In Situation 2 Employee B is suitable to be protected by the law of the ADEA. Being that he is over forty years of age, and the business has more than twenty employees. The worker was left without a promotion because of age, even with this person receiving well above standards in a performance review. Company X is in violation of the law under ADEA rules because they promoted a thirty-two year old worker instead of Employee B, naming the age factor as reasoning behind the snub.

Situation 3
The Americans with Disabilities Act protects employees and applicants with disabilities (physical or mental impairment that substantially limits a major life activity) against discrimination in the work place. Companies, including private employers, state and local governments, employment agencies, labor organizations, and labor-management committees all have to abide by the ADA laws. Employers with 25 or more employees were covered as of July 26, 1992. Employers with 15 or more employees were covered as of July 26, 1994.

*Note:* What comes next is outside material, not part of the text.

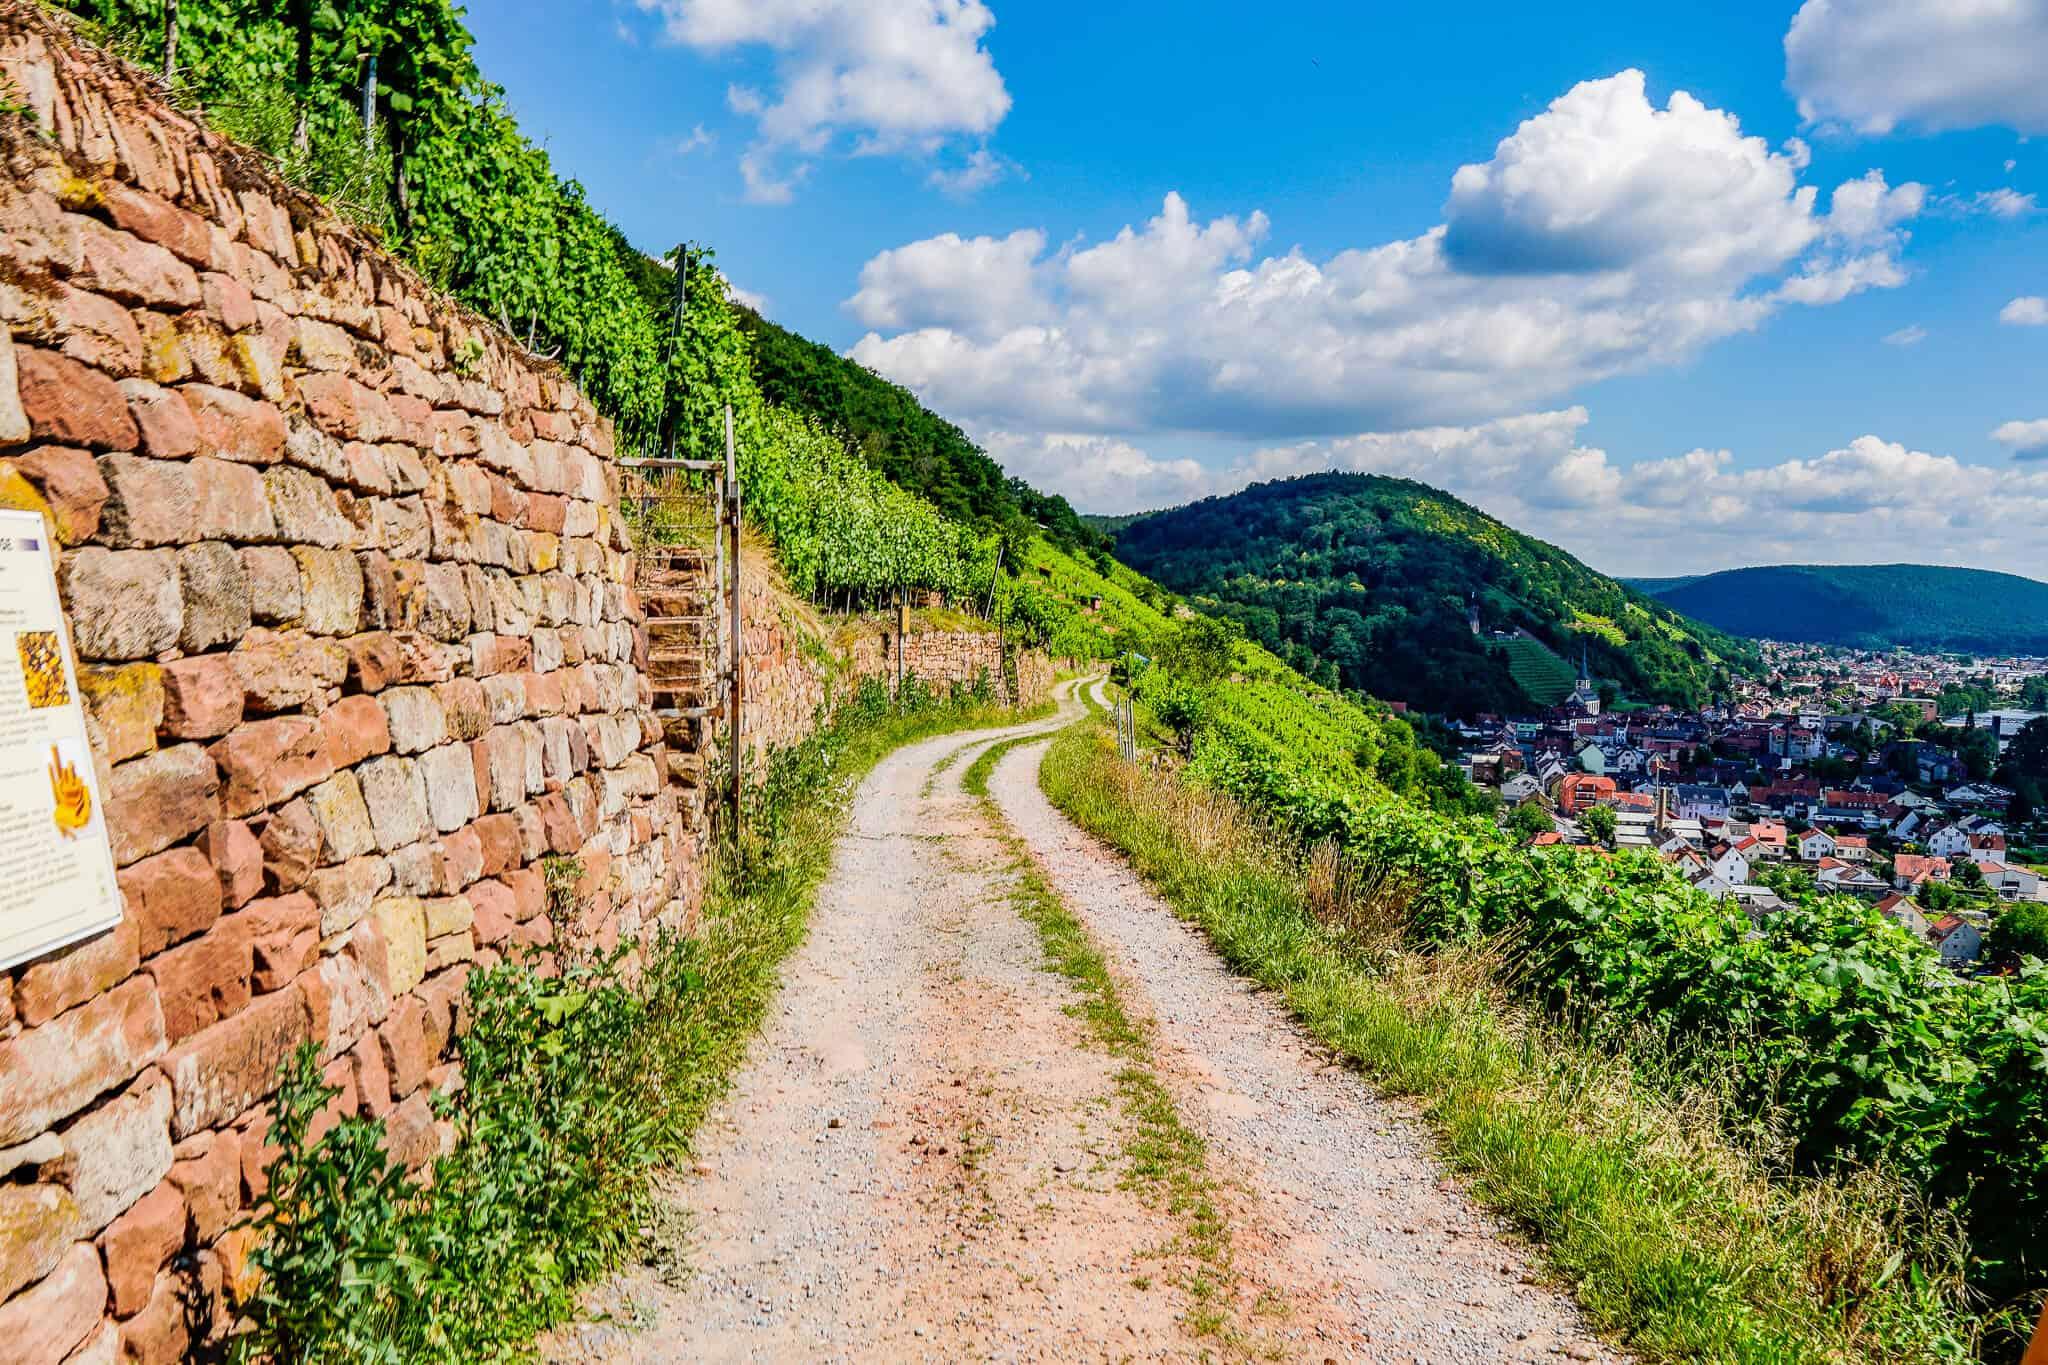 Rotwein Wanderweg Klingenberg

Workers are secure under ADA law if the person has major deficiencies, which can limit regular life events, such as walking, hearing, seeing and speaking. The employee also needs to be capable of the job at hand, including requiring sufficient education, knowledge and experience, being capable of all the duties necessary for the job. These duties will have to be done without any type of special accommodation in most instances. Special accommodations may include; devices, rescheduling, adjusting rules and policies, etc. The employer will have to include accommodations to a disabled employee or applicant who is well qualified for the job role/position. An allowance shall be approved if the employer could justify that making certain modifications would be too costly and difficult to provide. In this situation, the applicant or employee who is disabled can choose to provide accommodations or pay for her or himself.
During the interview process, employers are not allowed to ask about a potential employee disability. They are allowed to ask if this potential candidate can perform all duties and tasks asked of them without any assistance. After an official offer has been submitted, a physical can be requested by the employer. To avoid discrimination the physical has to be standard protocol.
In Situation 3 Employee C has been denied a job with Company X due to the fact that the company was not able to provide accommodations necessary for the employee to perform the necessary duties of the job. ADA can protect this employee due to his walking disability. The company did have the right to question the worker because going up the elevator in the building is a required task of the job. If the company were to move the elevator buttons, that would of caused a hardship in the company. I honestly believe that making minor changes to the elevator would not have been an undue hardship that can employ 75 employees. If the company could possibly prove undue hardship that goes beyond the benefit of employing this worker, the company could then have a valid reason for declining the potential employee. Still with all that being said, the company should have given the potential employee a chance to pay for the required changes for themselves if they can. By not offering these choices to the employee and considering them to be qualified for the job, it’s safe to say that the company broke the law under ADA guidelines and therefore shouldn’t have denied him employment.